### [Given material]
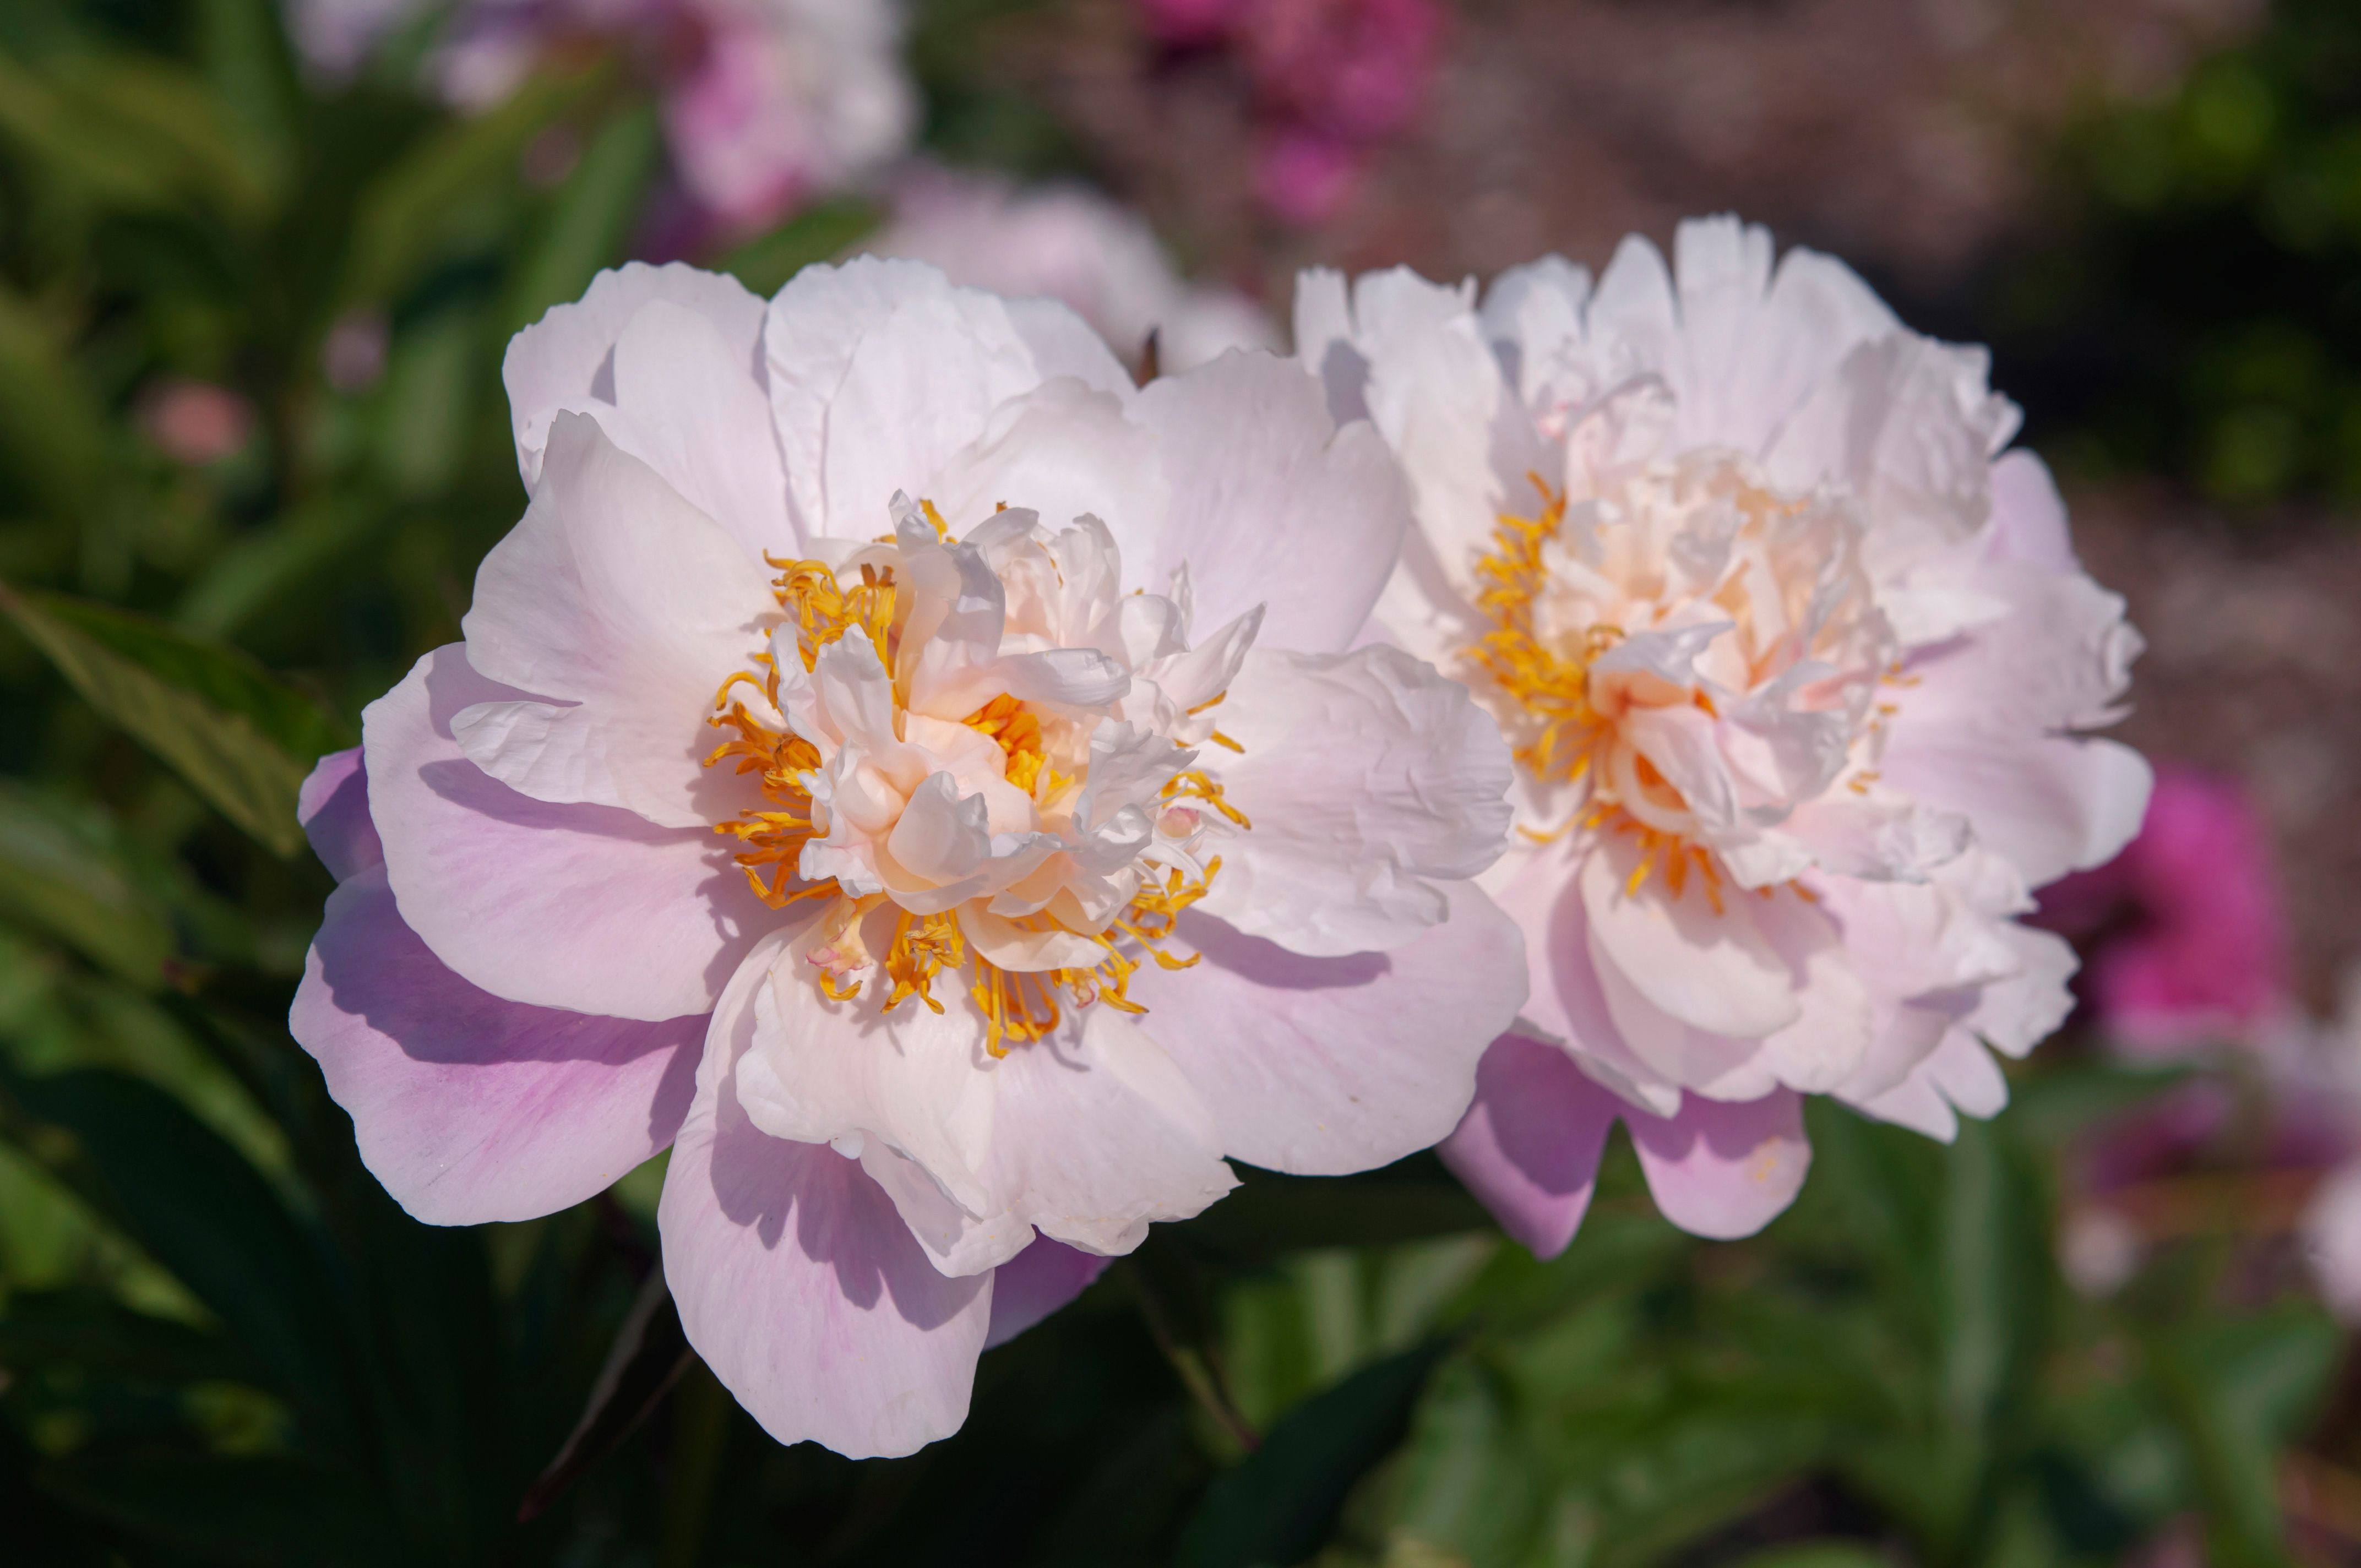 How to Grow and Care for Peonies
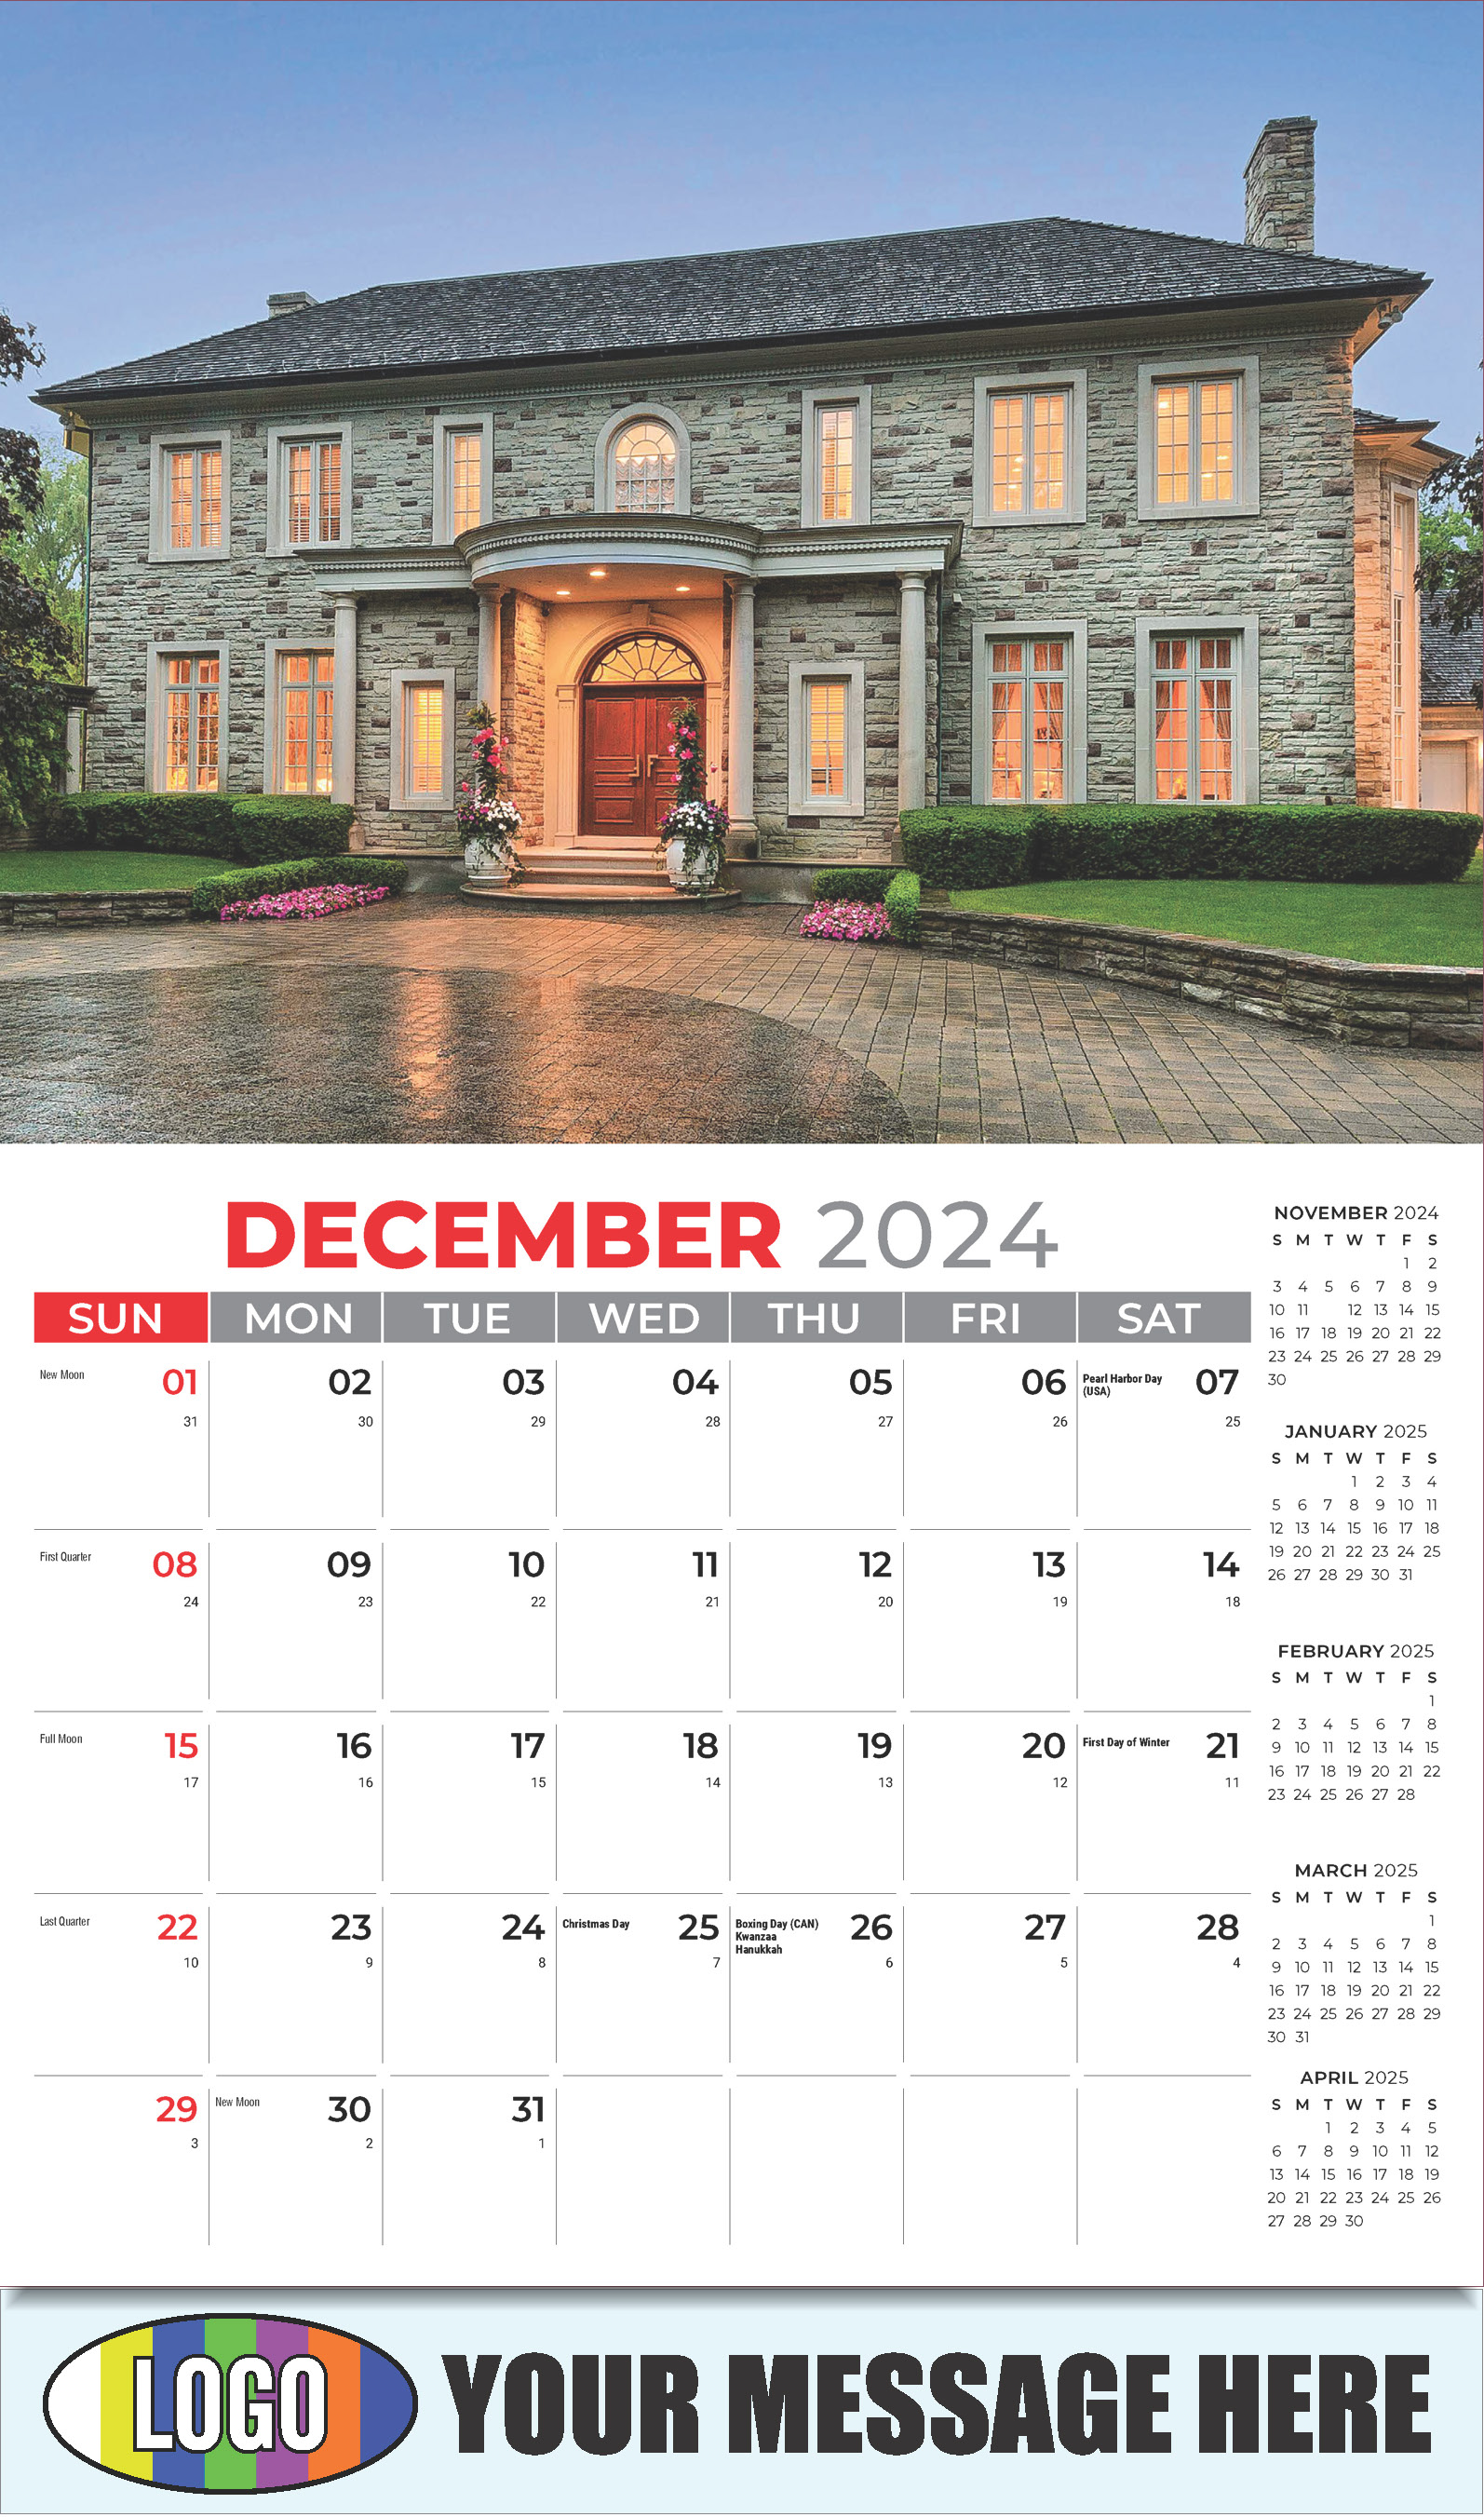 Luxury Homes 2025 Real Estate Agent Promotional Wall Calendar - December_a
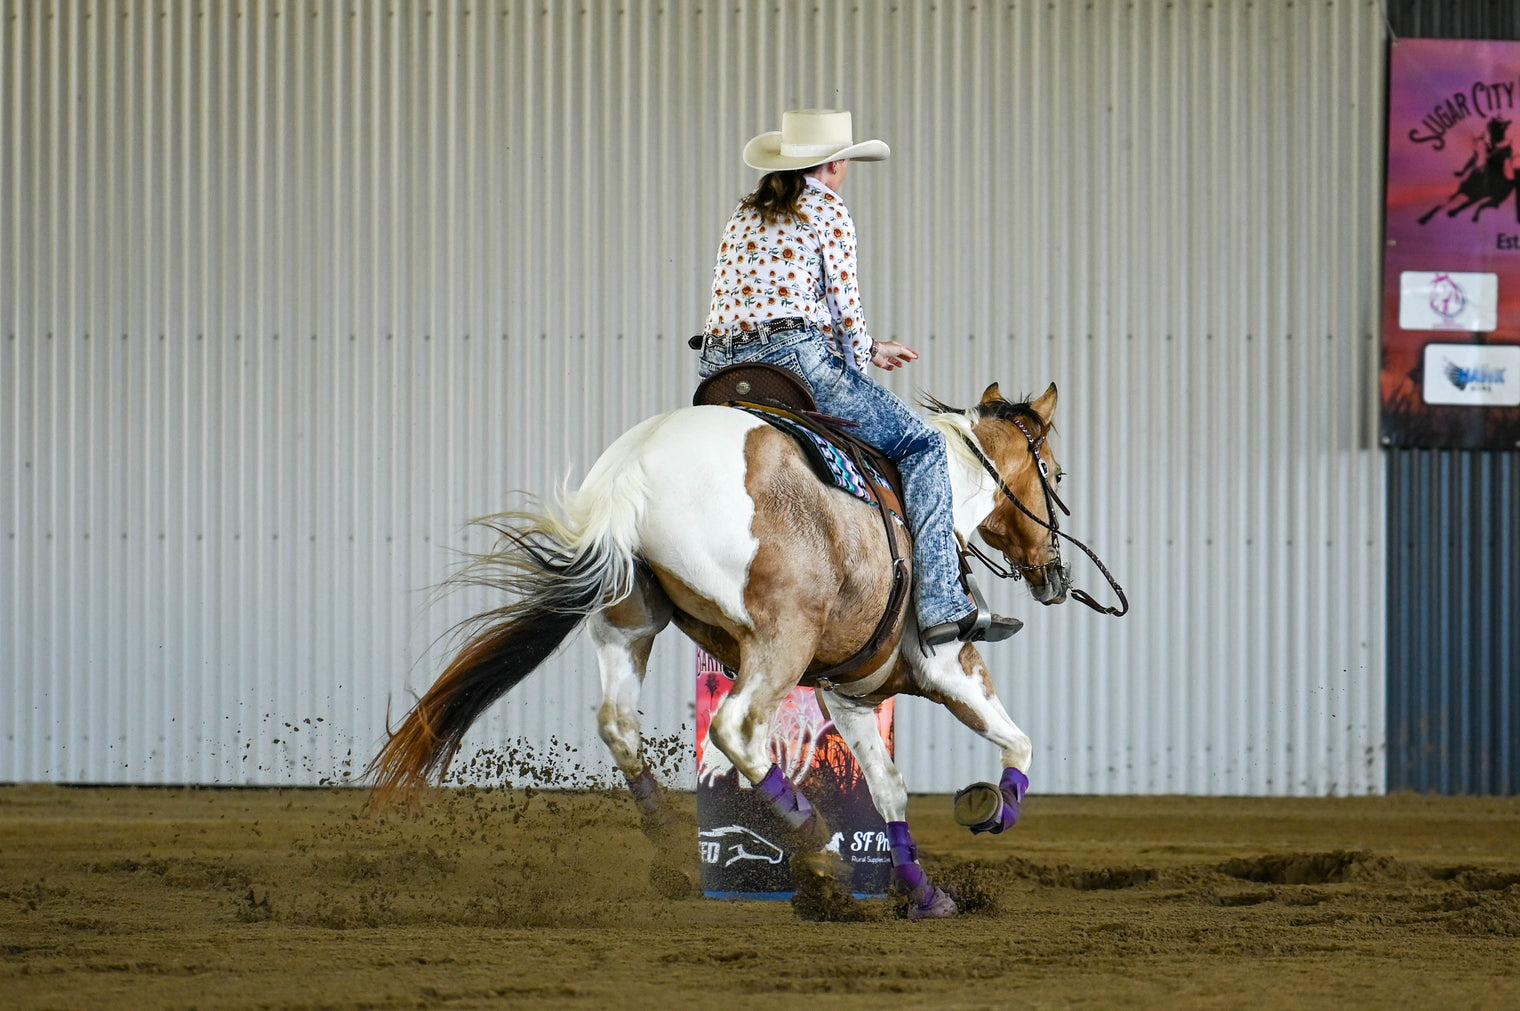 Saddle Up and Learn the Difference Between Split and Barrel Reins for Barrel Racing!

### [Task requirements]
Keep the pictures out of the copy and return the rest of the data above exactly.

### [Response]
 How to Grow and Care for Peonies
 Luxury Homes 2025 Real Estate Agent Promotional Wall Calendar - December_a
 Saddle Up and Learn the Difference Between Split and Barrel Reins for Barrel Racing!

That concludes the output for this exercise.